Машина пролетела широким проспектом, свернула в тихие переулки, утопая колесами в заваливших не только тротуары, но и проезжую часть осенних листьях, и вдруг затормозила так, что Фролов клюнул в стекло.

— Что… это? — вымолвил Илья.

Фролов молчал, давая ему рассмотреть картину.

А картина была такая: на ступенях общежития их бурно приветствовала толпа девушек, подняв над головами большой плакат: знакомая рука художника весьма похоже изобразила Илью Ефимовича на трибуне, размахивающего, как Шива, десятком рук, а изо рта у него вылетали мыльные пузыри с надписями «ремонт», «кухня», «учебка»… И подо всем этим — незамысловатые, но исчерпывающие стихи:

Все мы Беленького знаем.

Дружно шлем ему привет!

Он словам своим хозяин:

Хочет — сдержит, хочет — нет!

Илья повторил растерянно:

— Что это… такое?

— Я же говорил: люди ждут.

Фролов перегнулся через окаменевшего друга и распахнул дверцу с его стороны.

— Прошу, любимец публики!

3

Было бы наивным считать, что описанная сцена разрешила все проблемы.

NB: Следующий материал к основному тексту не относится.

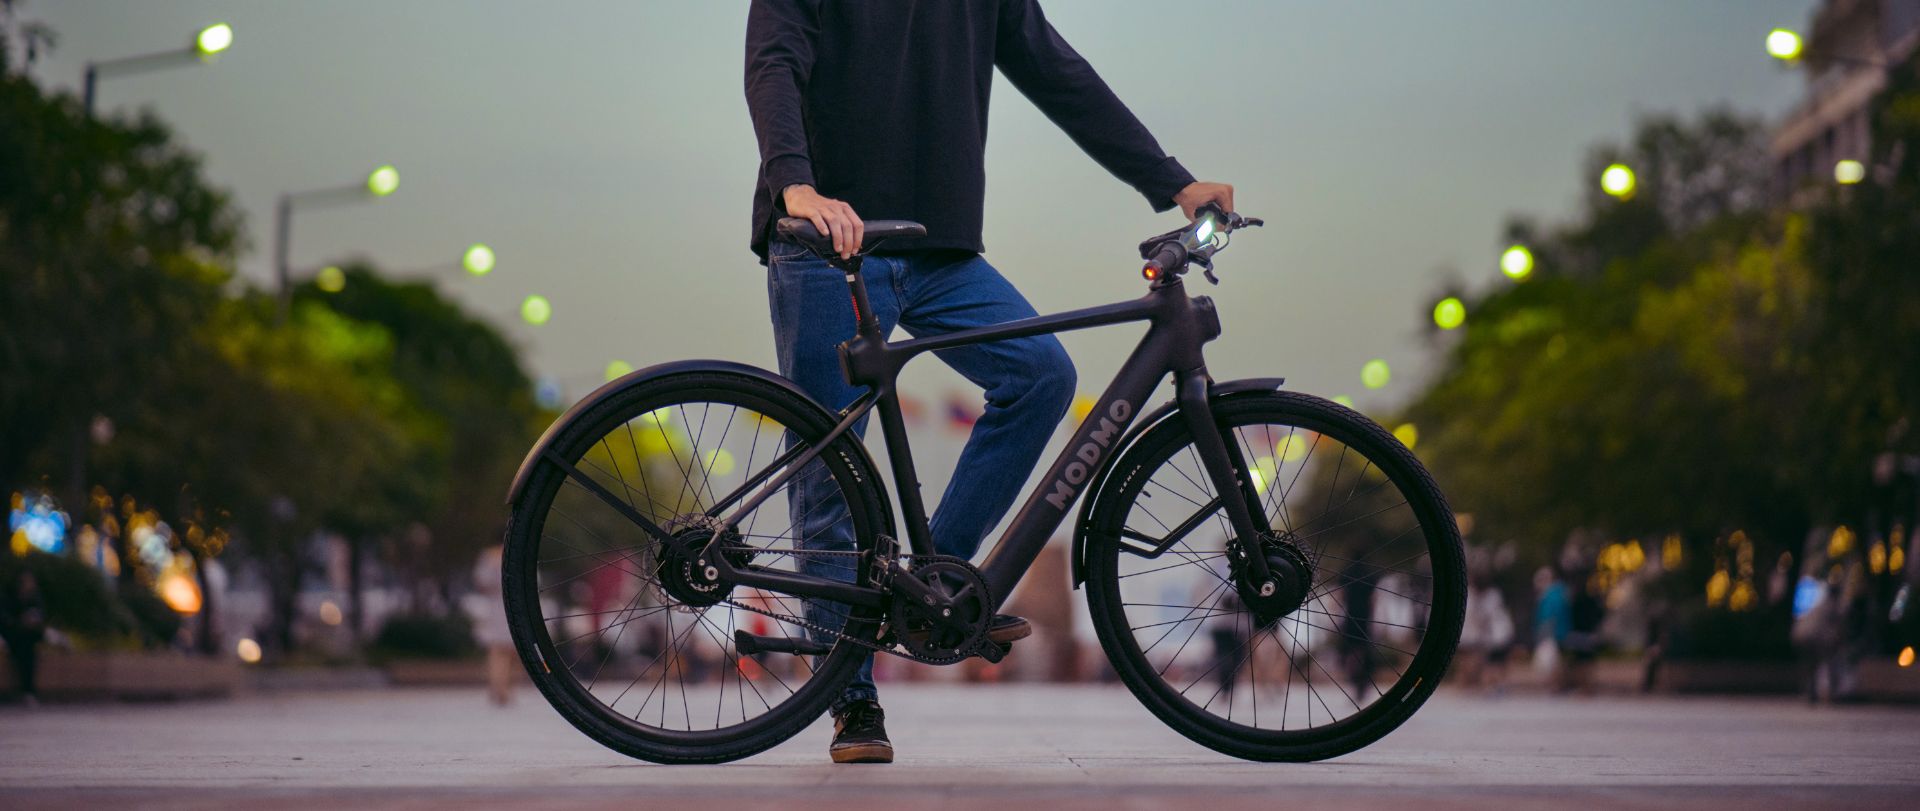 Modmo Saigon+ Electric Bicycle - RRP £2800 - Size M (Rider: 155-175cm) - Image 16 of 16

Нет, хотя в этот день Илья Ефимович перед лицом заинтересованной общественности с готовностью дал обещания, — он с той же готовностью вполне мог забыть эти очередные обещания, как и все предыдущие.

Однако история эта, конечно, получила огласку. Над Ильей Ефимовичем подтрунивали друзья и сослуживцы. Даже генеральша Анна Дмитриевна при случае намекнула Беленькому на возросшую его популярность в кругах общежития. Но и это все Илья Ефимович стерпел.

И лишь когда на какой-то планерке в его адрес отпустил шпильку первый зам Чубарев, вот тут уж Илью Ефимовича задело за живое и в нем взыграло ретивое! И он принялся действовать с той вулканической энергией, на которую был способен, если уж принимался за дело. Стало возможным все, что прежде было невероятным. Появились нужные материалы, появились рабочие руки, появился стремительный план переселения внутри общежития и даже получения дополнительной квартиры в исполкоме, результатом чего было освобождение учебной комнаты от жилья и кухни из-под склада.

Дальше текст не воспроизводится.